BEGIN

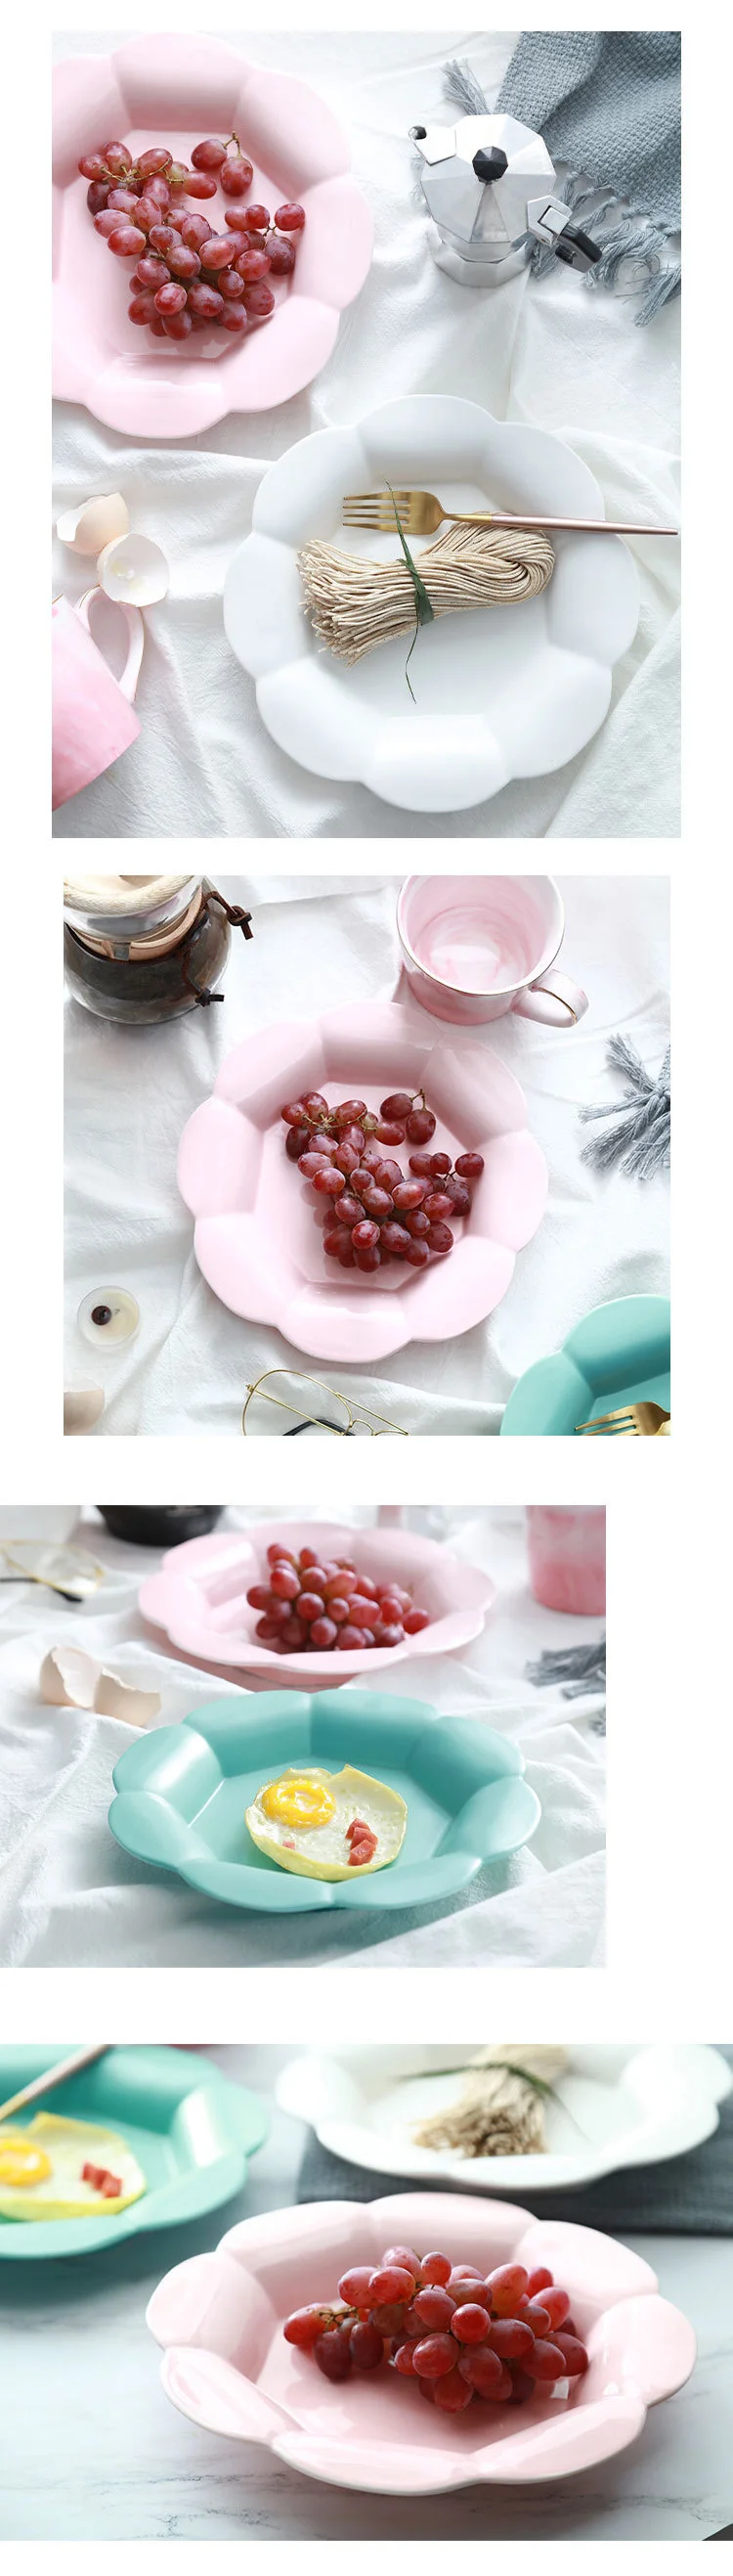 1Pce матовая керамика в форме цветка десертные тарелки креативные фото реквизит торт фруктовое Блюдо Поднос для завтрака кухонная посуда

END
BEGIN

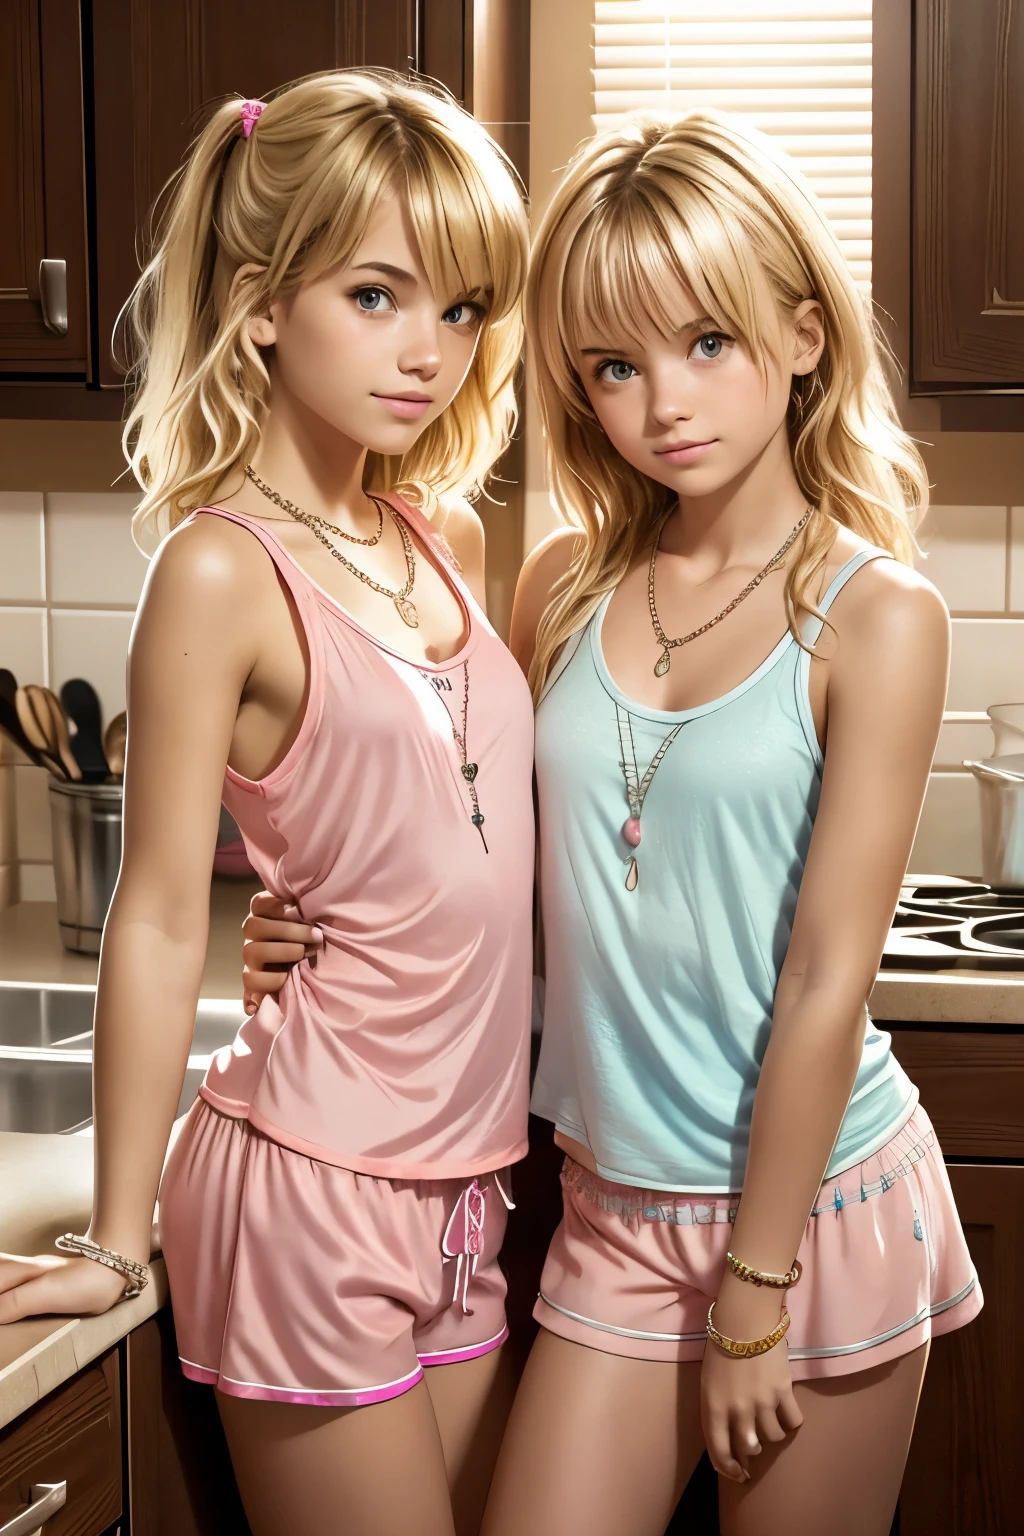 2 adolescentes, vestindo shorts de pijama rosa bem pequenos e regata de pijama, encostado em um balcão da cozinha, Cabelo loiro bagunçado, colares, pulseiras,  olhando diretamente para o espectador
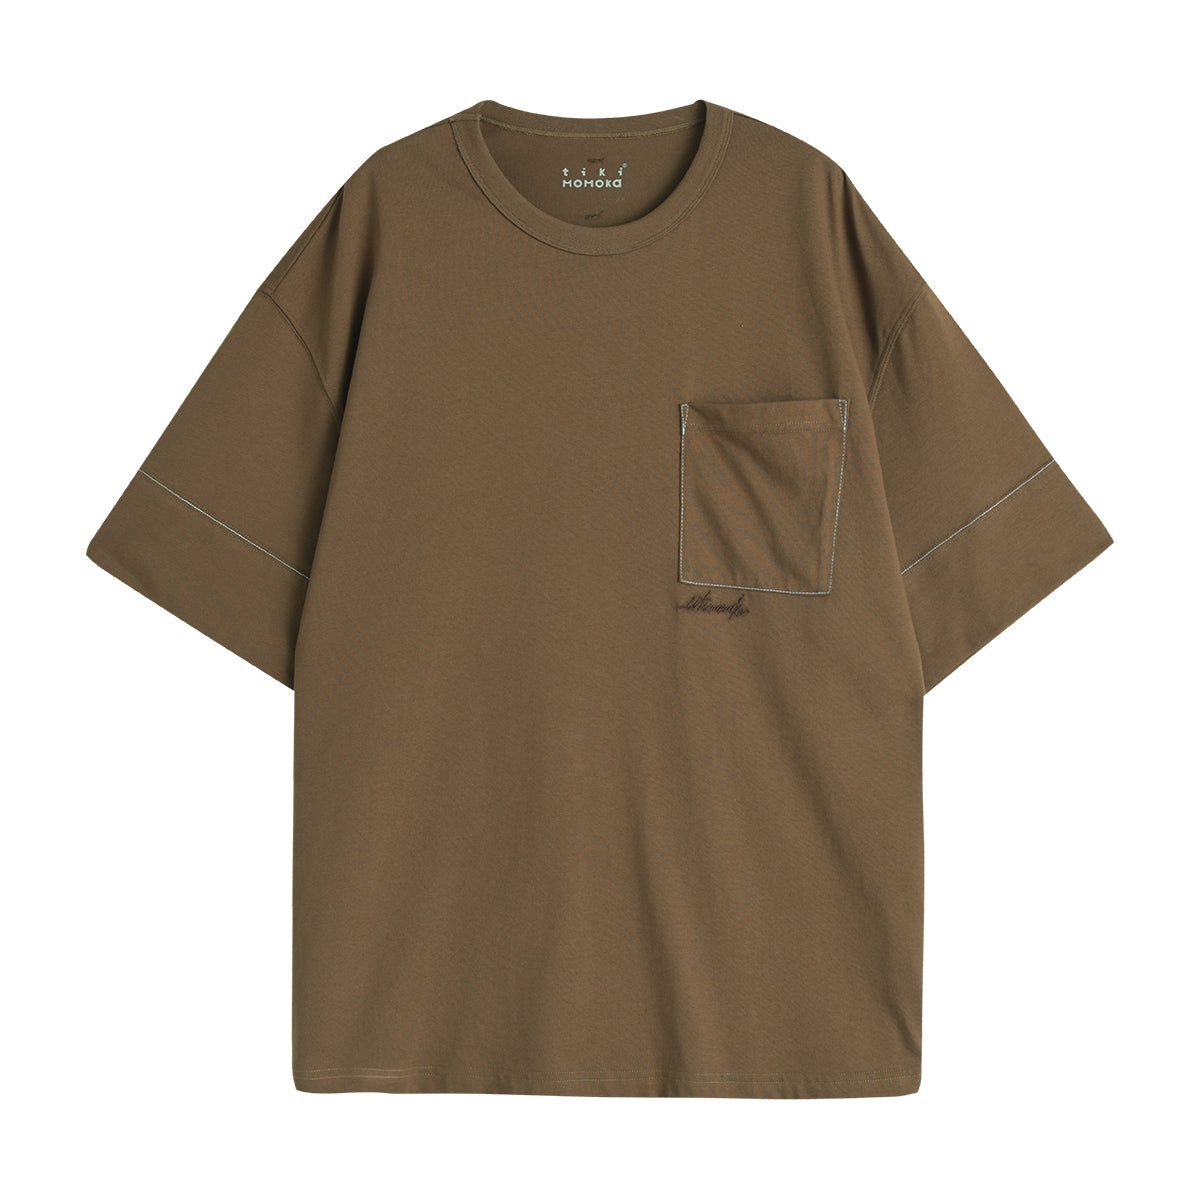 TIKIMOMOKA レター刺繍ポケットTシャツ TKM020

END

▶ TASK STATEMENT:
Above are some records; quote exactly and only the lines that begin at the line containing "2 adolescentes, vestindo" and stop after the line containing "TIKIMOMOKA レター刺繍ポケットTシャツ TKM020", leaving out the pictures.

▶ OUTPUT OF THE EXERCISE:
 2 adolescentes, vestindo shorts de pijama rosa bem pequenos e regata de pijama, encostado em um balcão da cozinha, Cabelo loiro bagunçado, colares, pulseiras,  olhando diretamente para o espectador
 TIKIMOMOKA レター刺繍ポケットTシャツ TKM020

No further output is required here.